Yours very truly, _____________ _____________

Bernard Langdon to Philip Staples.
MY DEAR PHILIP,—

I have been for some months established in this place, turning the main crank of the machinery for the manufactory of accomplishments superintended by, or rather worked to the profit of, a certain Mr. Silas Peckham. He is a poor wretch, with a little thin fishy blood in his body, lean and flat, long-armed and large-handed, thick-jointed and thin-muscled,—you know those unwholesome, weak-eyed, half-fed creatures, that look not fit to be round among live folks, and yet not quite dead enough to bury. If you ever hear of my being in court to answer to a charge of assault and battery, you may guess that I have been giving him a thrashing to settle off old scores; for he is a tyrant, and has come pretty near killing his principal lady-assistant with overworking her and keeping her out of all decent privileges.

Helen Darley is this lady's name,—twenty two or three years old, I should think,—a very sweet, pale woman,—daughter of the usual country-clergyman,—thrown on her own resources from an early age, and the rest: a common story, but an uncommon person,—very.
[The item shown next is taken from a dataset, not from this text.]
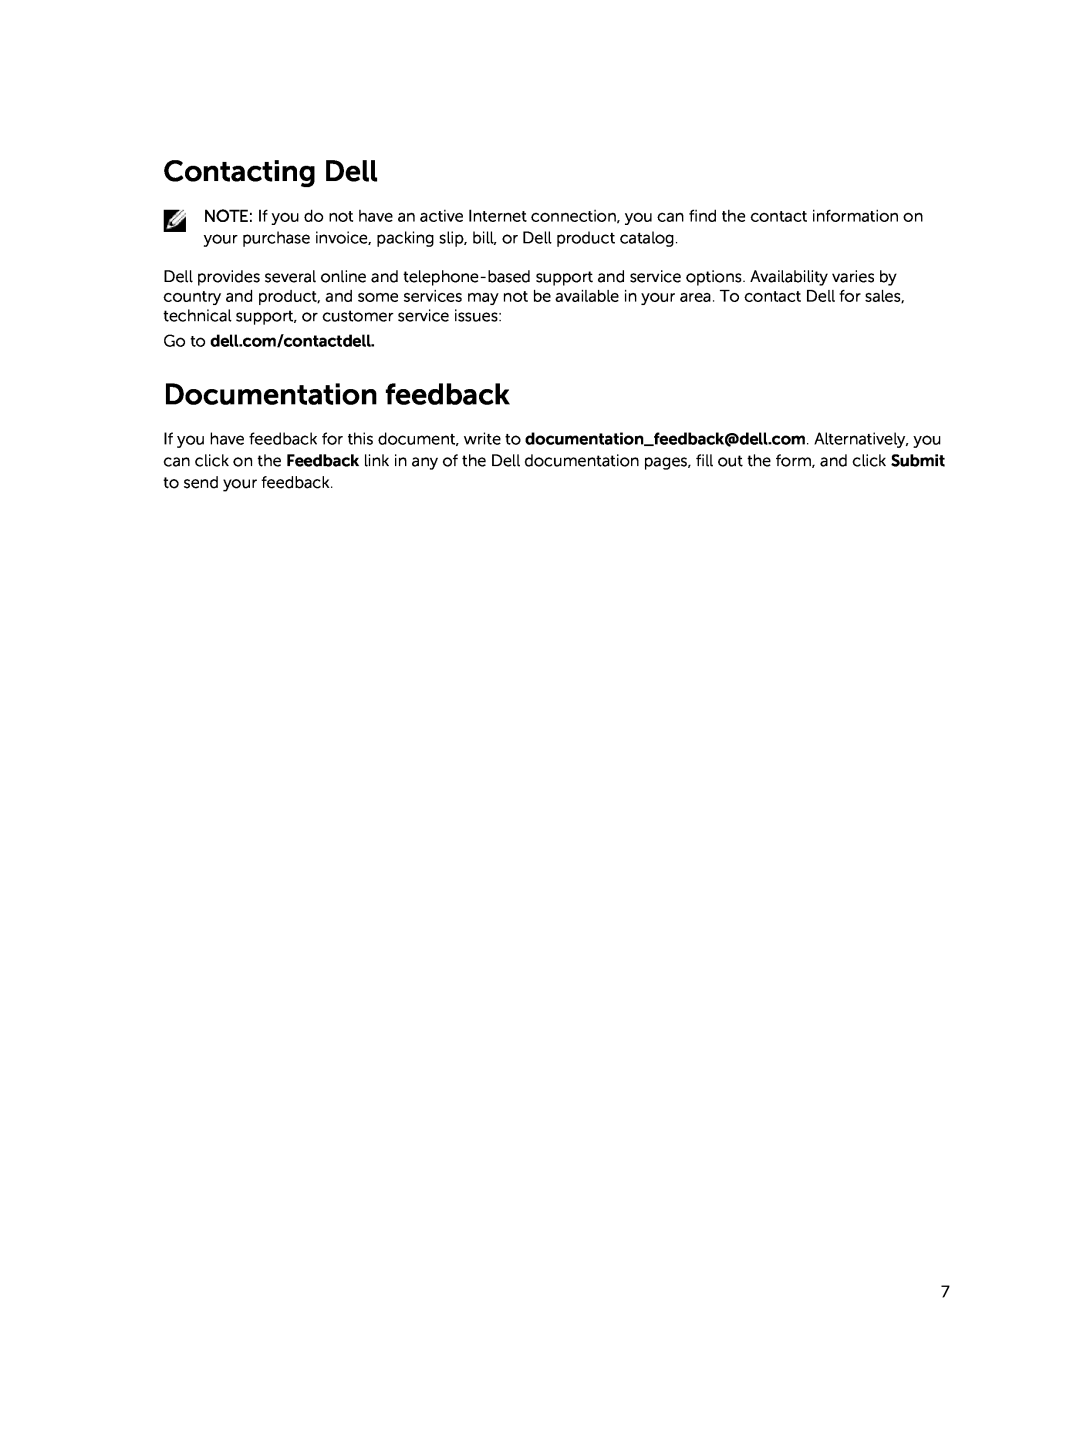 Dell MD3460 manual Contacting Dell, Documentation feedback 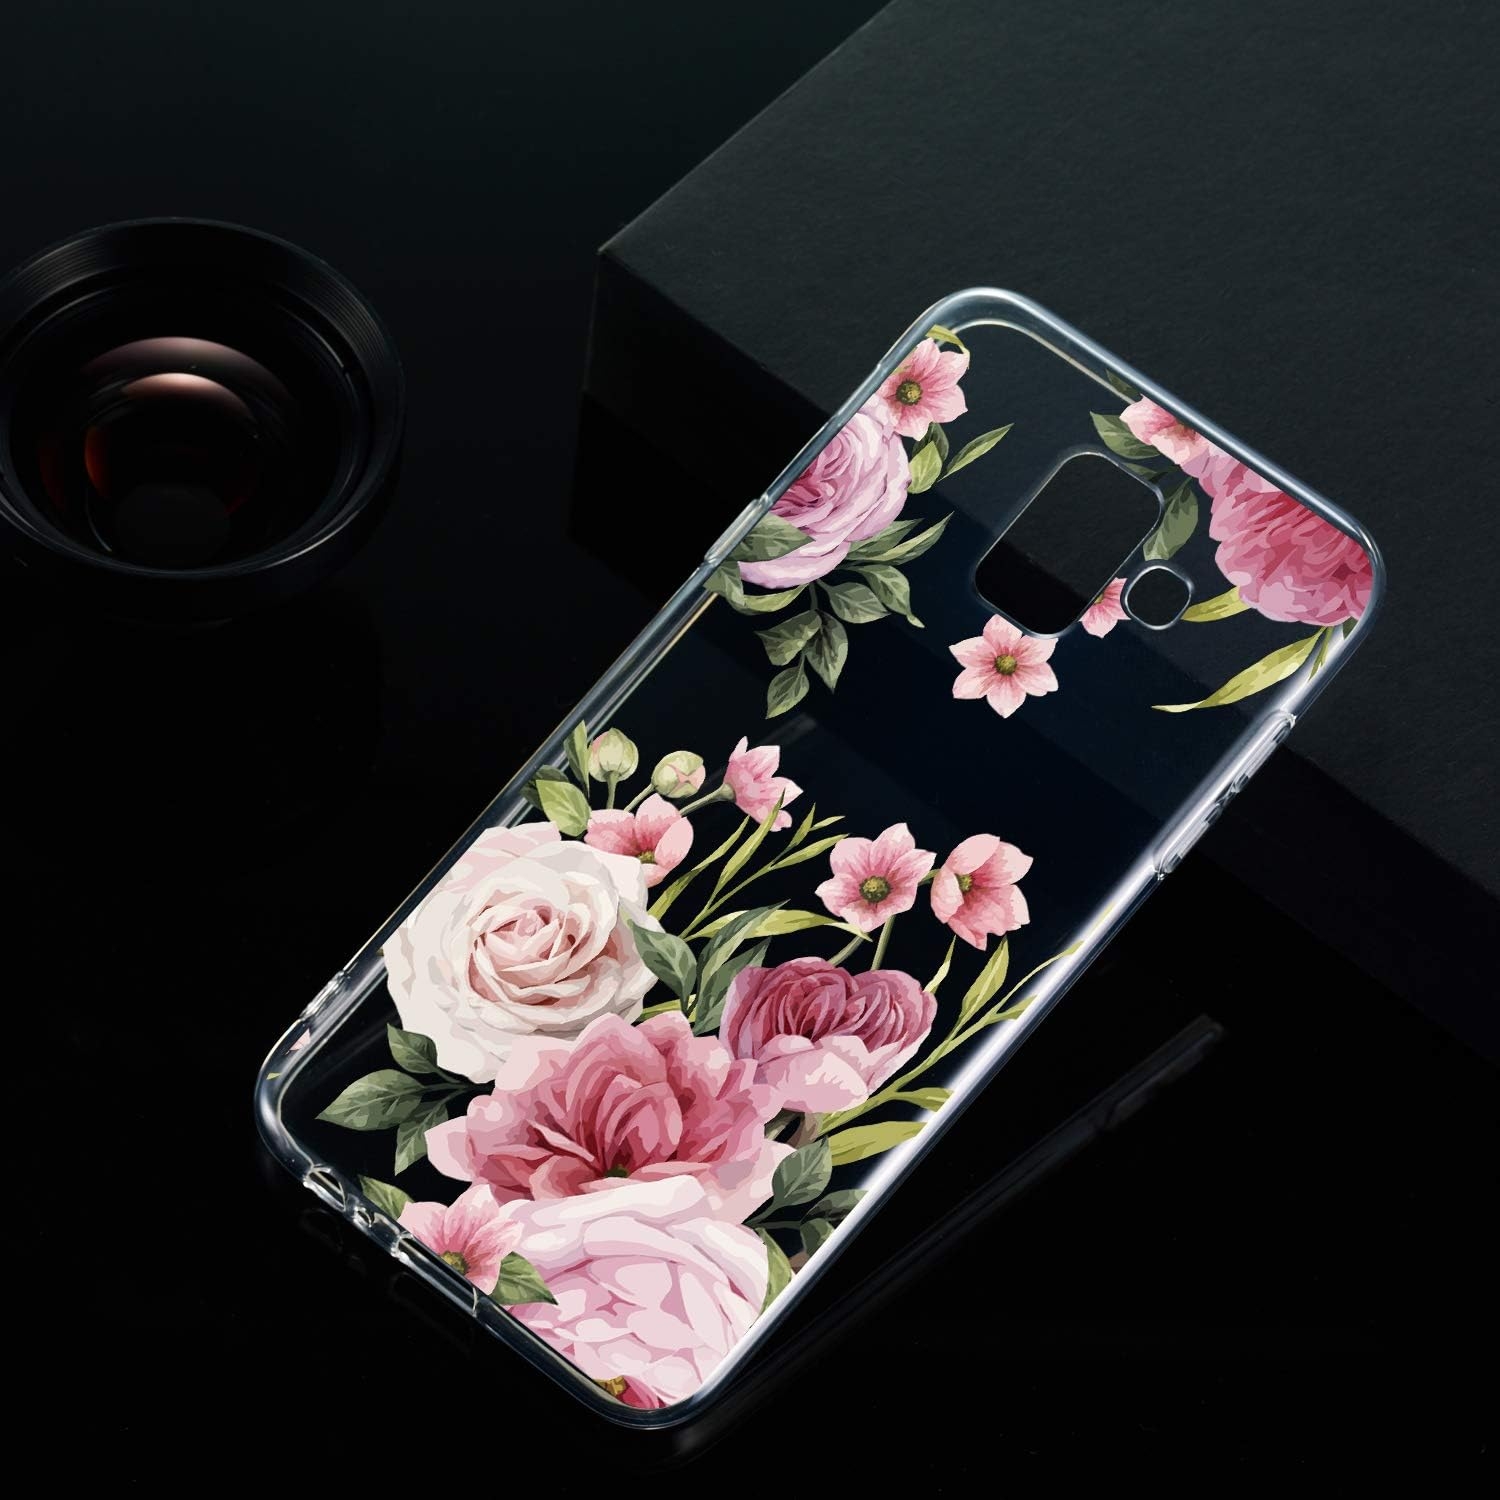 Amocase Cute Floral Case with 2 in 1 Stylus for Samsung Galaxy A6 Plus 2018,Stylish Ultra Thin Sweet Flowers Soft Rubber Silicone TPU Shockproof Anti-Scratch Flexible Clear Case - Pink Rose

All conscience and sensibility, I should say,—a cruel worker,—no kind of regard for herself, seems as fragile and supple as a young willow-shoot, but try her and you find she has the spring in her of a steel cross-bow. I am glad I happened to come to this place, if it were only for her sake. I have saved that girl's life; I am as sure of it as if I had pulled her out of the fire or water.

Of course I'm in love with her, you say,—we always love those whom we have benefited; “saved her life,—her love was the reward of his devotion,” etc., etc., as in a regular set novel. In love, Philip? Well, about that,—I love Helen Darley—very much: there is hardly anybody I love so well. What a noble creature she is! One of those that just go right on, do their own work and everybody else's, killing themselves inch by inch without ever thinking about it,—singing and dancing at their toil when they begin, worn and saddened after a while, but pressing steadily on, tottering by and by, and catching at the rail by the way-side to help them lift one foot before the other, and at last falling, face down, arms stretched forward.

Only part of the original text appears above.